Don’t get it twisted, either: Cable Ties didn’t become apolitical overnight. Album highlight ‘Silos’ is classic Cable Ties, both musically and lyrically. Over rumbling toms and a snarling bass line, McKechnie is heard railing against the country’s failing social services in tandem with its shameful incarceration system.

“The so-called justice system, as it is right now, is not a way to deal with problems of mental health, poverty and racism,” she says.

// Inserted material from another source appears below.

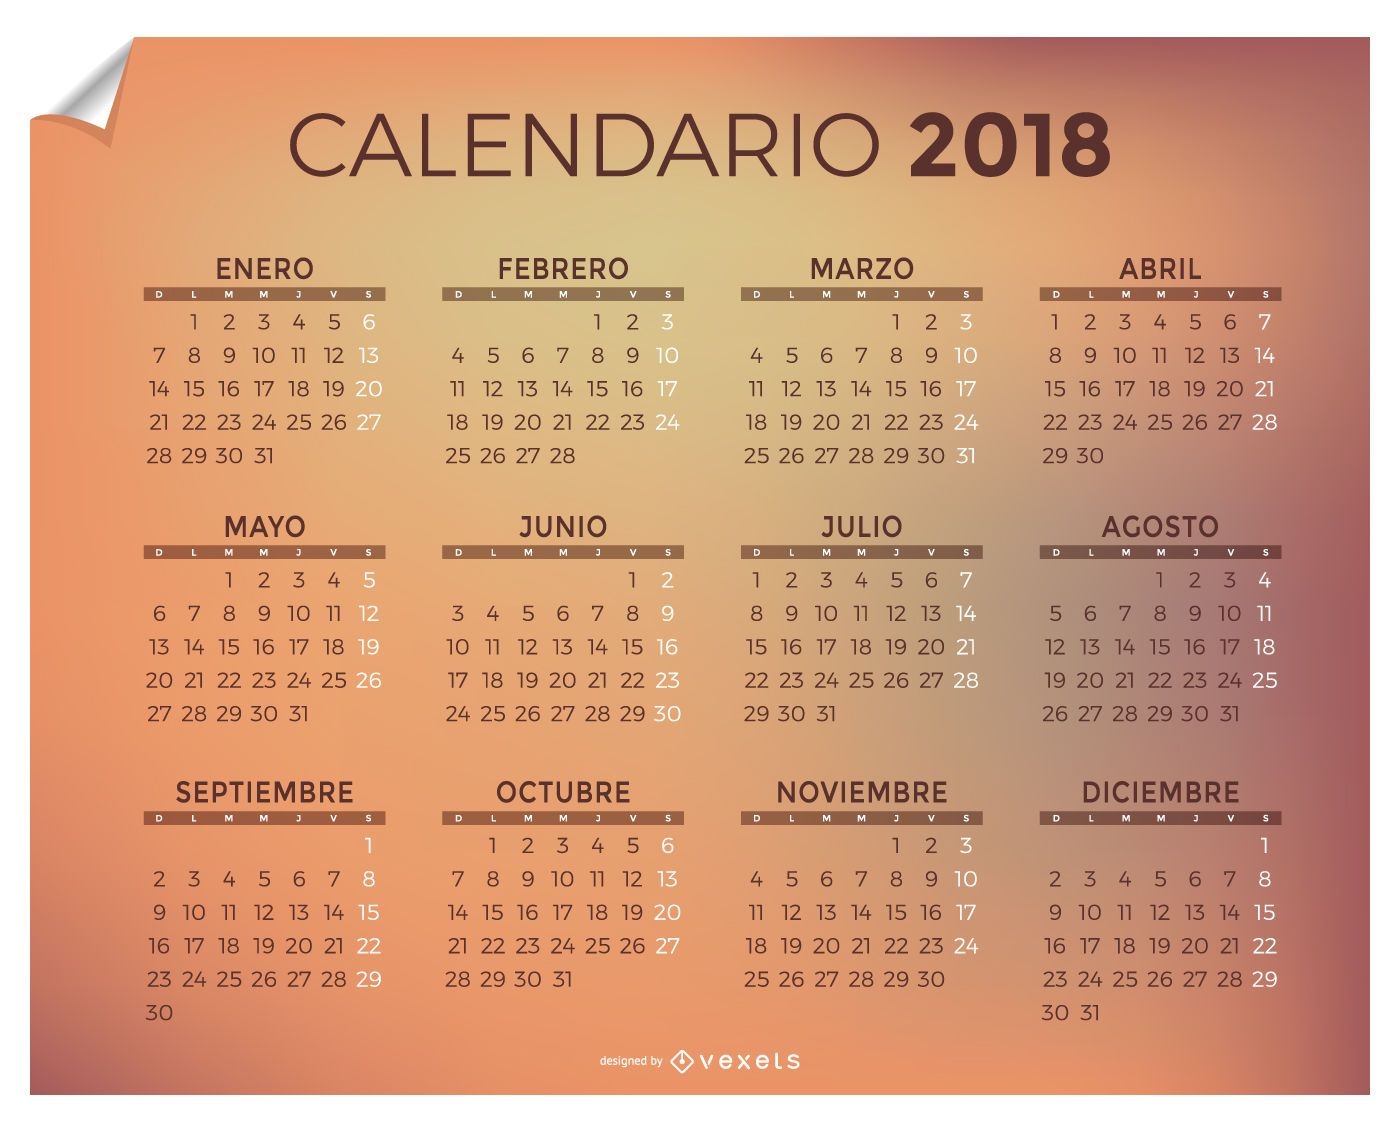 Calendario 2018 en espa?ol
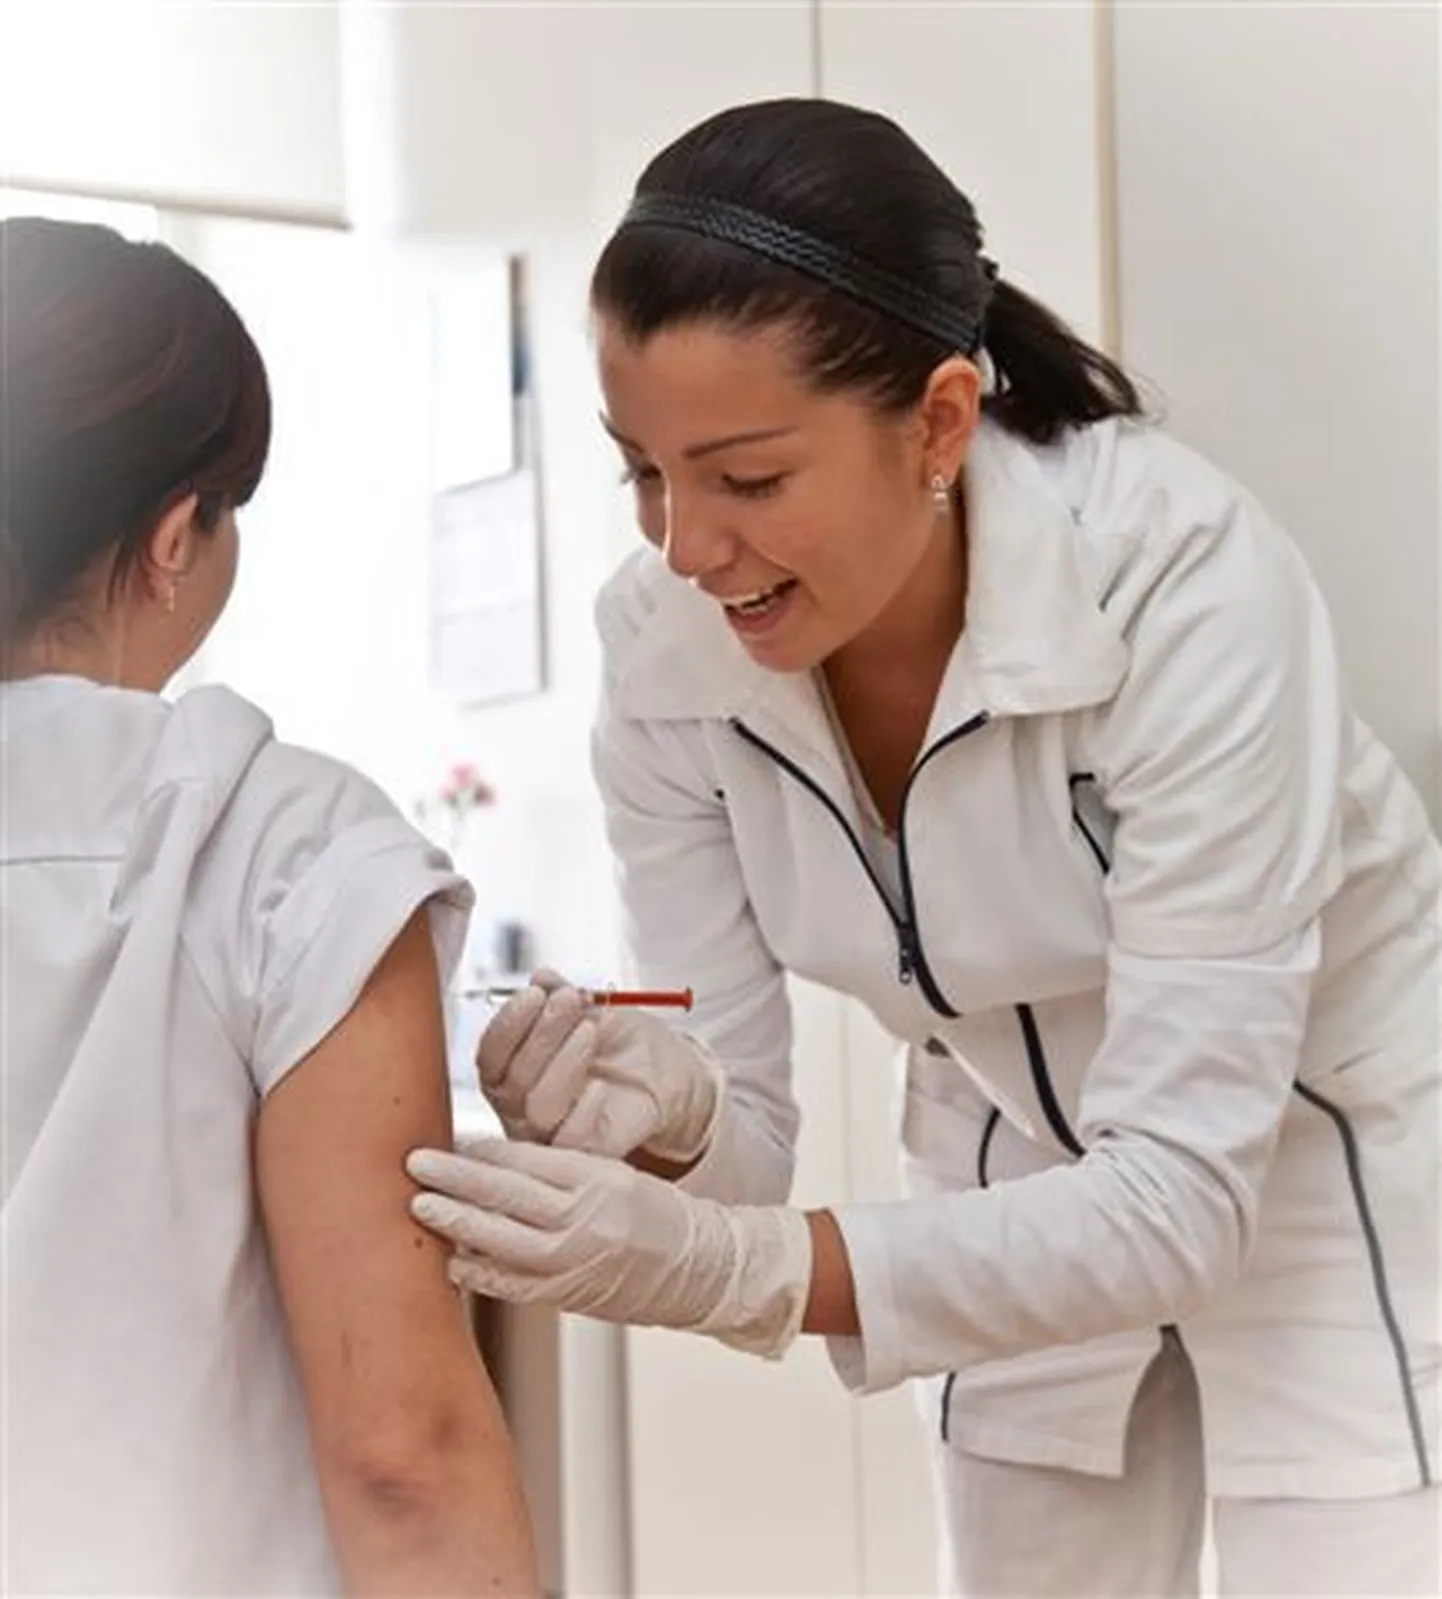 Emakakaelavähi vaktsiini süstitakse lihasesiseselt nagu teisigi vaktsiine.

“Everything gets dragged through it, and through the cops, when it’s not appropriate. We need to defund the police and start funding social services that are connected and can provide help. I’m sick of being in a situation where an ambulance is needed, or some other crisis support, and it’s the cops again.” Having remained unchanged in its lineup since forming in 2015, Cable Ties – McKechnie, bassist Nick Brown and drummer Shauna Boyle – have forged an idiosyncratic sound within not just the Melbourne music scene, but Australia at large. So much so, that even when they’re deviating from their usual musical path – like on ‘Mum’s Caravan’ or the album’s heartfelt lead single ‘Time For You’ – you can still pick them out of a line and identify them as Cable Ties songs. When queried as to what it is about the band that has forged such a magnetism, McKechnie puts it down to simultaneous musical development.

“When we started, I’d never played electric guitar before,” she says. “Shauna had played drums about three times. Nick had barely played bass. We honed our sound and our instruments by just jamming together for long periods. Through that process, we crafted a really specific sound. It’s not like three people practising in their rooms or with other bands, then coming together with specific influences in mind. We weren’t even musically capable of wanting to sound like a certain band. That meant this band has had time and space to develop into its own thing. It’s nothing like the Celtic jigs I used to play.”